(Action item) The answer must reproduce all of the data below exactly and contain no images.

(Supplied data)
══════════════════════════════

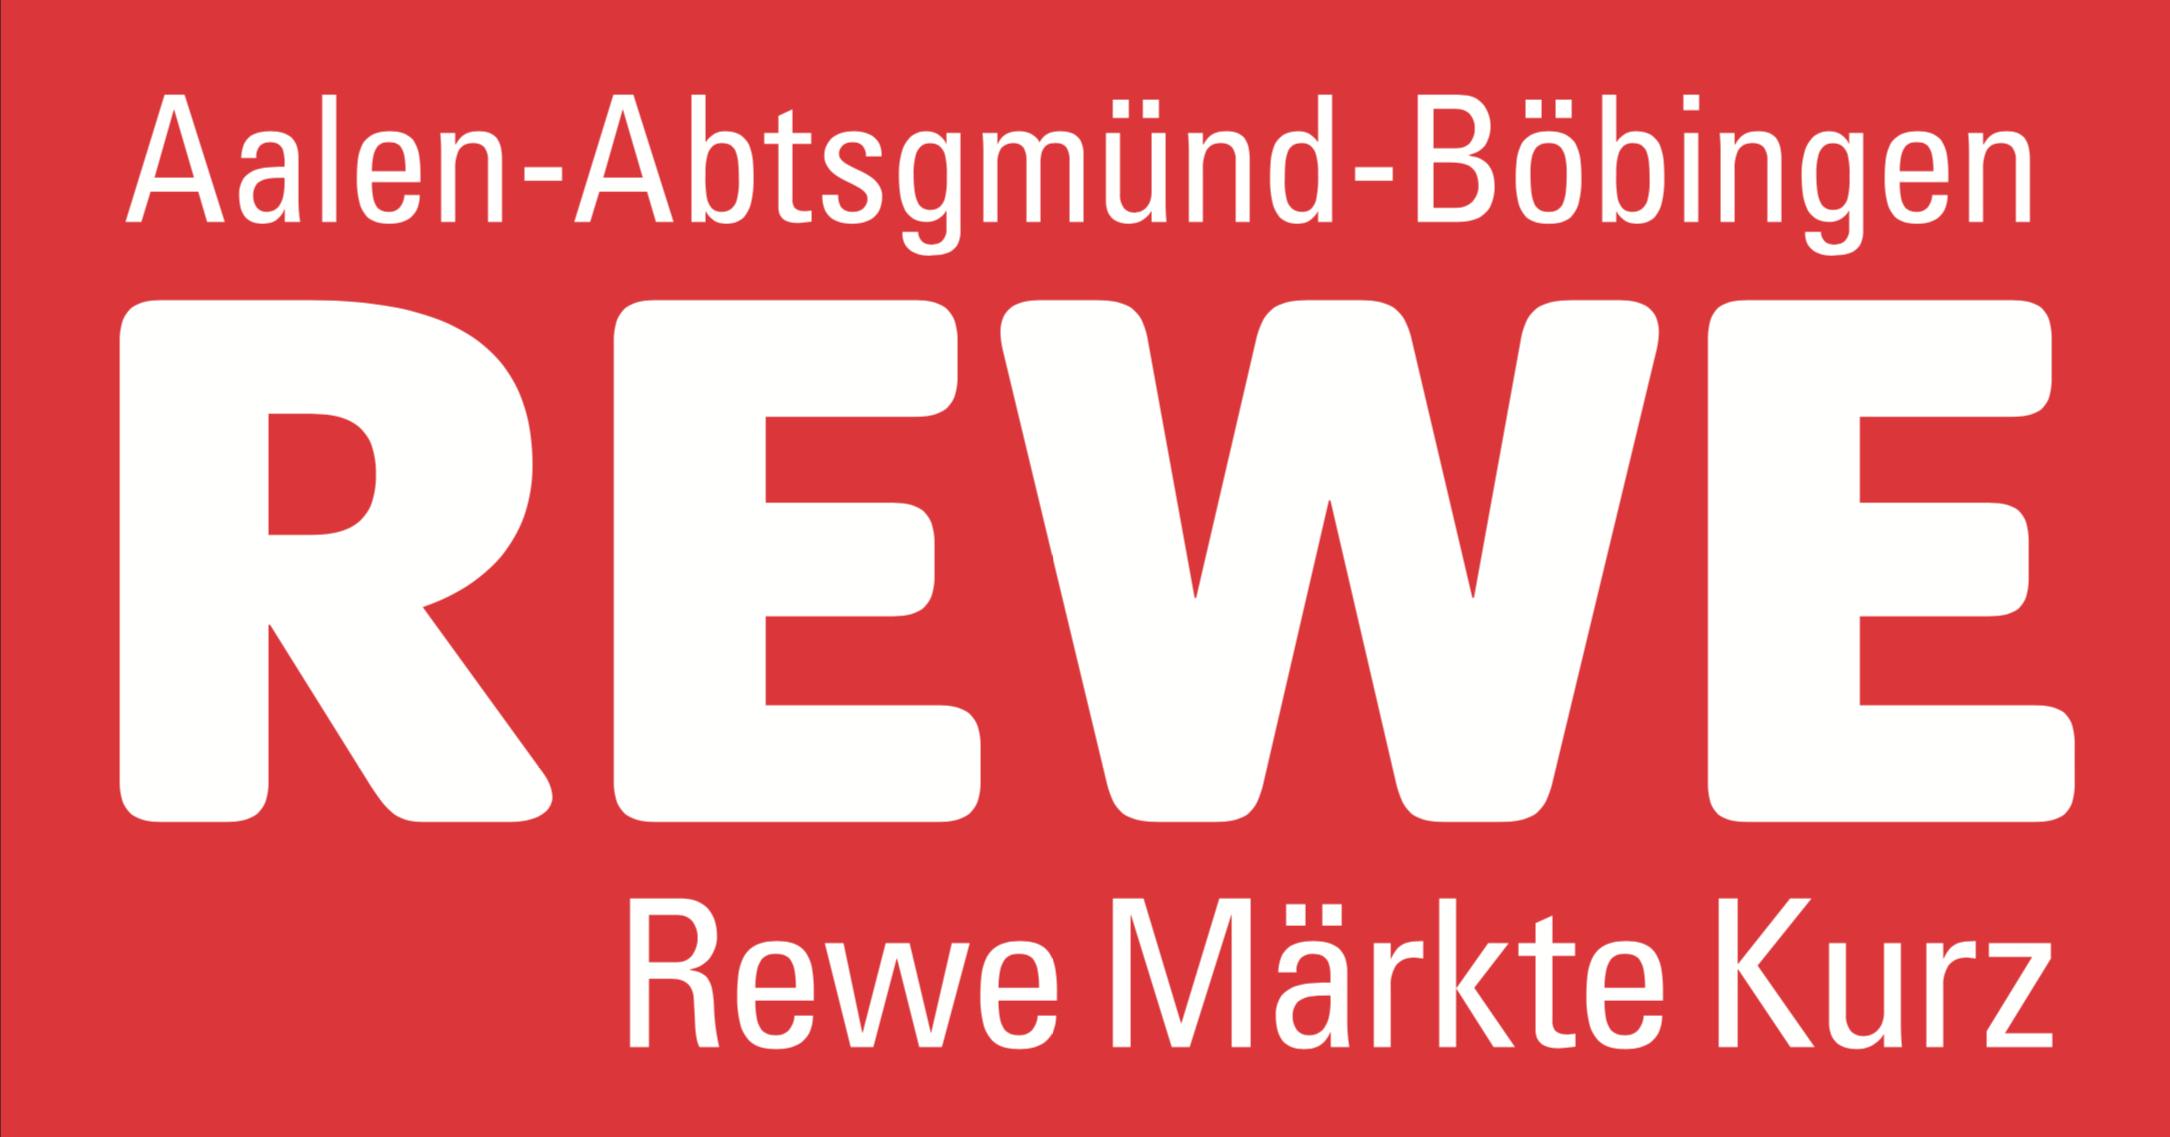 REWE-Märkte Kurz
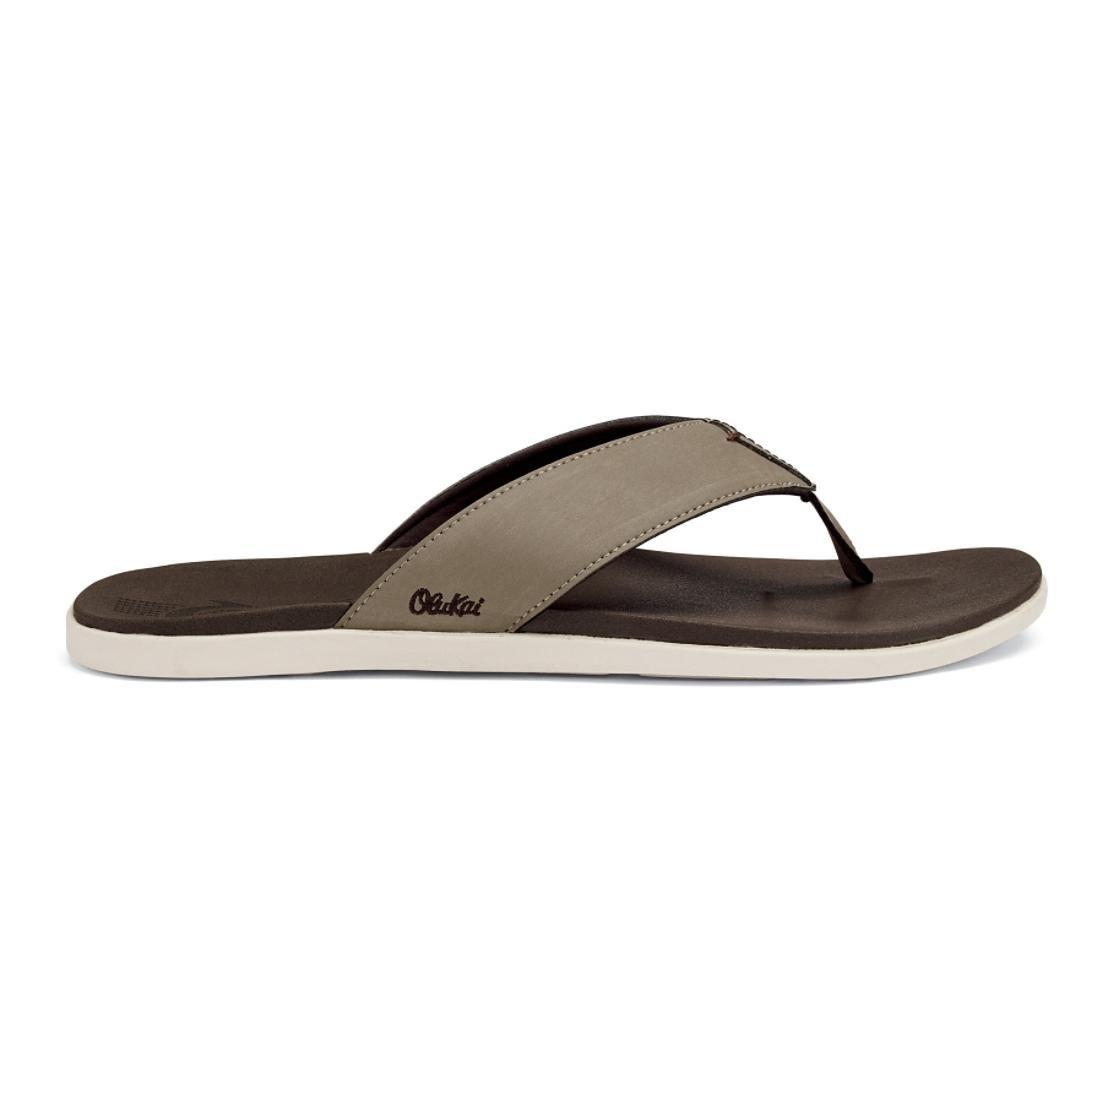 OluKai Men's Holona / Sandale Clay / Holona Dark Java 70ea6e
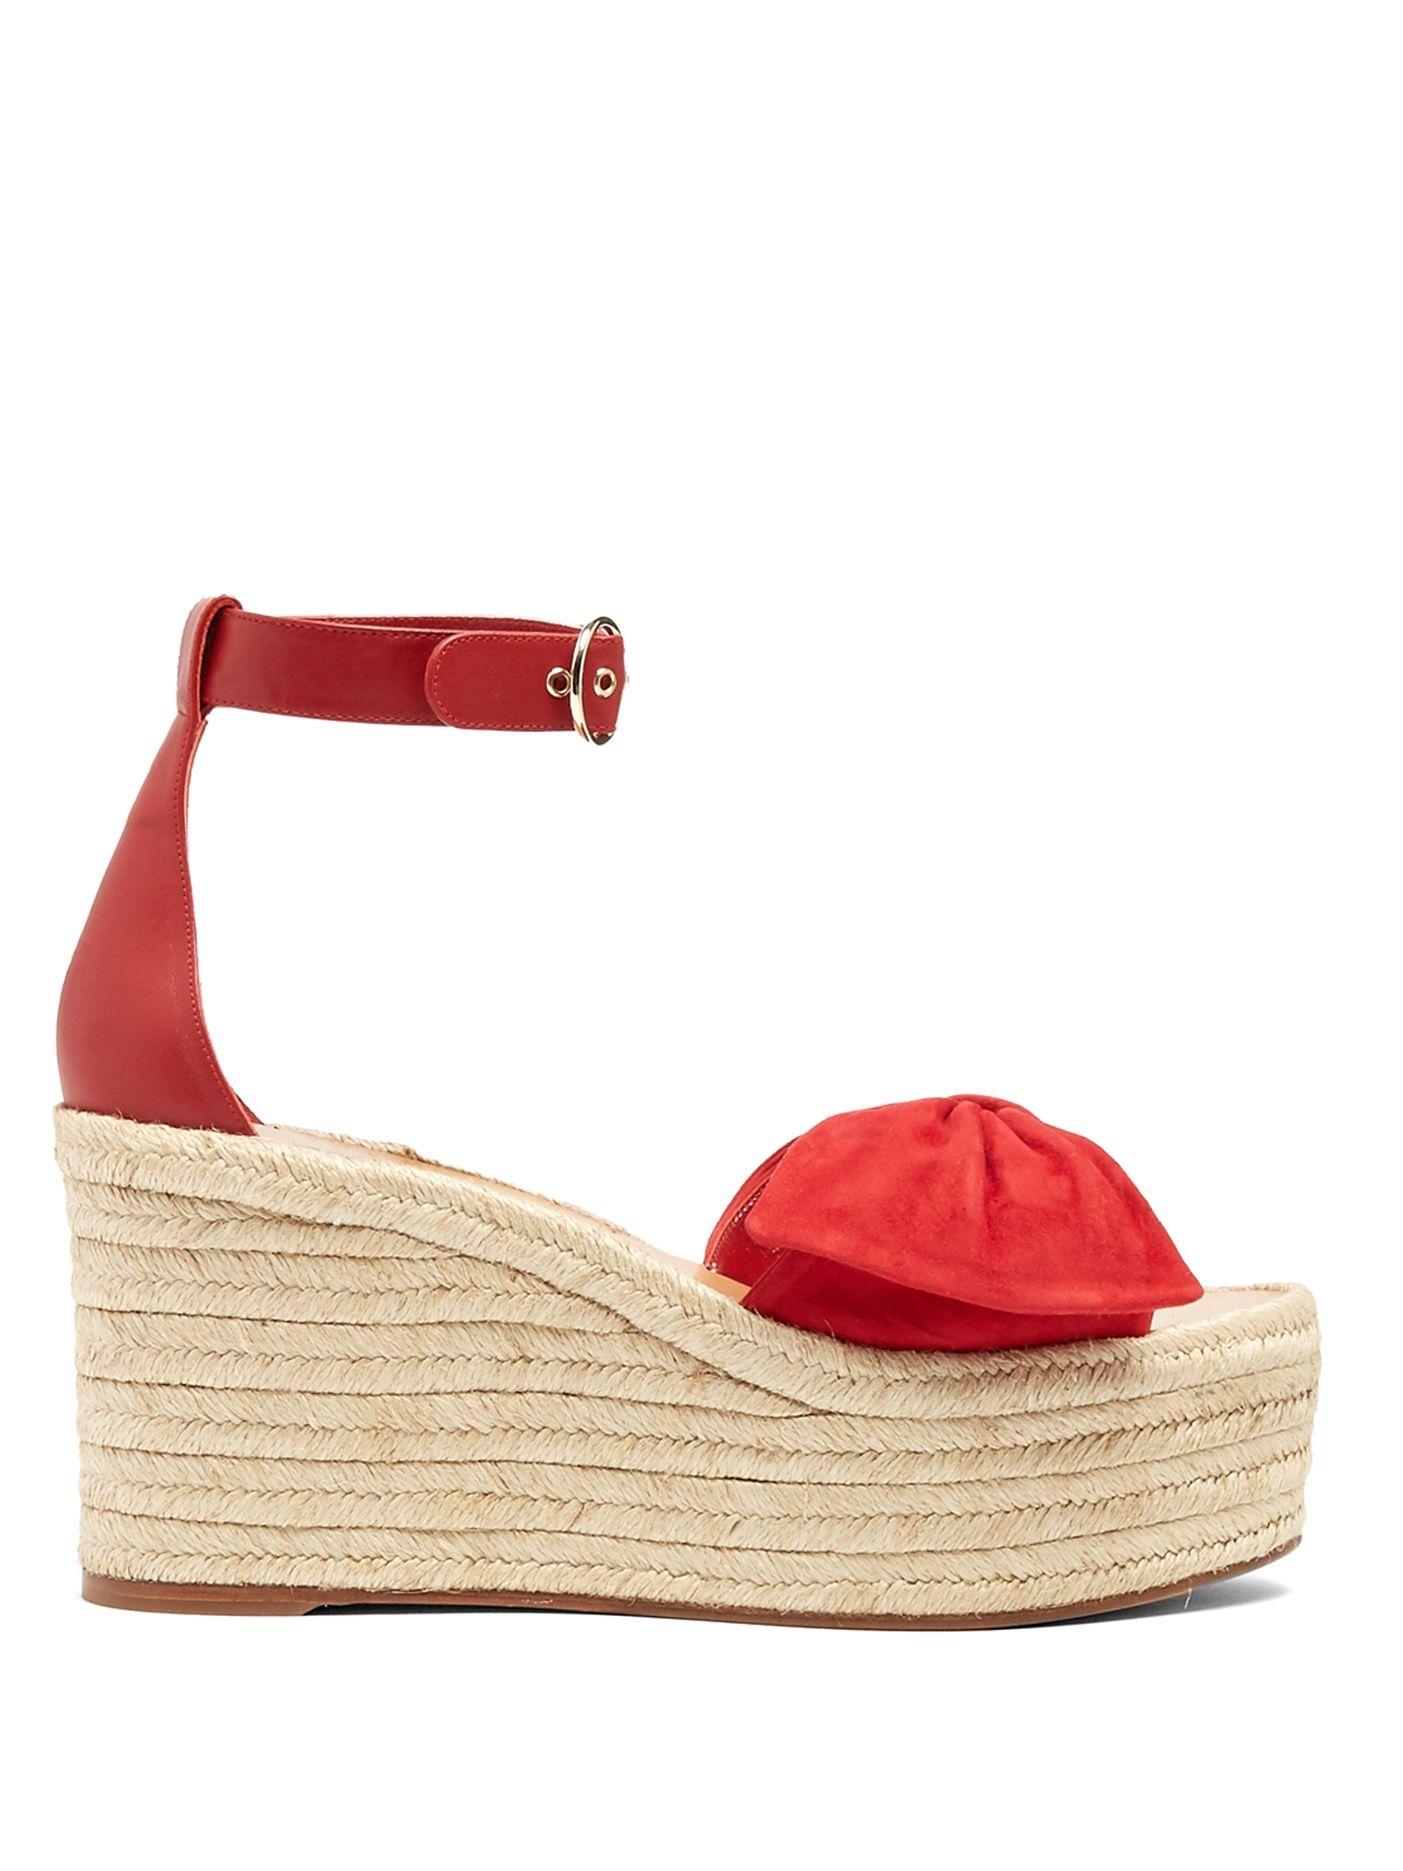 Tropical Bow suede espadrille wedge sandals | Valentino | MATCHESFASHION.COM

══════════════════════════════

(Exercise solution)
 REWE-Märkte Kurz
 OluKai Men's Holona / Sandale Clay / Holona Dark Java 70ea6e
 Tropical Bow suede espadrille wedge sandals | Valentino | MATCHESFASHION.COM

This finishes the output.